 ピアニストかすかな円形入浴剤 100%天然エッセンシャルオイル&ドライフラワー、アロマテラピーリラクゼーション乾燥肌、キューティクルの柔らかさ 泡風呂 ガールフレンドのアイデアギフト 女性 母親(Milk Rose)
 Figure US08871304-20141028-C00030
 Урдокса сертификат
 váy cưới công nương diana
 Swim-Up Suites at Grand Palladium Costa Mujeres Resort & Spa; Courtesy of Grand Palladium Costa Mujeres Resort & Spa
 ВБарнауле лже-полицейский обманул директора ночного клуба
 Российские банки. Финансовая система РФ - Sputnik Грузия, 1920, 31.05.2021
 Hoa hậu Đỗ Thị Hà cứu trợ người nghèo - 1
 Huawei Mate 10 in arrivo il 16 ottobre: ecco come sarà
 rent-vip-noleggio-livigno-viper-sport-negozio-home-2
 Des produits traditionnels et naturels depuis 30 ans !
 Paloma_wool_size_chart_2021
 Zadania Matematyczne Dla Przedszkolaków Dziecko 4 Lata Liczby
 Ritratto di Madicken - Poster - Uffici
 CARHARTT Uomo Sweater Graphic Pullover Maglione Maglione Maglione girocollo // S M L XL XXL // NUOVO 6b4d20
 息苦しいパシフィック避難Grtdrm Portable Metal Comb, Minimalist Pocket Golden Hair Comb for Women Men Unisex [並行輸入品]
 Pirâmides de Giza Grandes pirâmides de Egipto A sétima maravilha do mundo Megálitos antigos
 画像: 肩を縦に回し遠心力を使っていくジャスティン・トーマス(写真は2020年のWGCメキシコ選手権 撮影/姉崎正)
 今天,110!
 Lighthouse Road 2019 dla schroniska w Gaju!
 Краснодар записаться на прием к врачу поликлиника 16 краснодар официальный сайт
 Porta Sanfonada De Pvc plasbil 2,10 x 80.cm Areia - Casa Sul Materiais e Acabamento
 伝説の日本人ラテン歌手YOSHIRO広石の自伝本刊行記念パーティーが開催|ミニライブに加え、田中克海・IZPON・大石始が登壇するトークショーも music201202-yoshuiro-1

▸ AIM OF THE EXERCISE
Your reply should consist of all the records, set down exactly.

▸ WRITTEN ANSWER
 ピアニストかすかな円形入浴剤 100%天然エッセンシャルオイル&ドライフラワー、アロマテラピーリラクゼーション乾燥肌、キューティクルの柔らかさ 泡風呂 ガールフレンドのアイデアギフト 女性 母親(Milk Rose)
 Figure US08871304-20141028-C00030
 Урдокса сертификат
 váy cưới công nương diana
 Swim-Up Suites at Grand Palladium Costa Mujeres Resort & Spa; Courtesy of Grand Palladium Costa Mujeres Resort & Spa
 ВБарнауле лже-полицейский обманул директора ночного клуба
 Российские банки. Финансовая система РФ - Sputnik Грузия, 1920, 31.05.2021
 Hoa hậu Đỗ Thị Hà cứu trợ người nghèo - 1
 Huawei Mate 10 in arrivo il 16 ottobre: ecco come sarà
 rent-vip-noleggio-livigno-viper-sport-negozio-home-2
 Des produits traditionnels et naturels depuis 30 ans !
 Paloma_wool_size_chart_2021
 Zadania Matematyczne Dla Przedszkolaków Dziecko 4 Lata Liczby
 Ritratto di Madicken - Poster - Uffici
 CARHARTT Uomo Sweater Graphic Pullover Maglione Maglione Maglione girocollo // S M L XL XXL // NUOVO 6b4d20
 息苦しいパシフィック避難Grtdrm Portable Metal Comb, Minimalist Pocket Golden Hair Comb for Women Men Unisex [並行輸入品]
 Pirâmides de Giza Grandes pirâmides de Egipto A sétima maravilha do mundo Megálitos antigos
 画像: 肩を縦に回し遠心力を使っていくジャスティン・トーマス(写真は2020年のWGCメキシコ選手権 撮影/姉崎正)
 今天,110!
 Lighthouse Road 2019 dla schroniska w Gaju!
 Краснодар записаться на прием к врачу поликлиника 16 краснодар официальный сайт
 Porta Sanfonada De Pvc plasbil 2,10 x 80.cm Areia - Casa Sul Materiais e Acabamento
 伝説の日本人ラテン歌手YOSHIRO広石の自伝本刊行記念パーティーが開催|ミニライブに加え、田中克海・IZPON・大石始が登壇するトークショーも music201202-yoshuiro-1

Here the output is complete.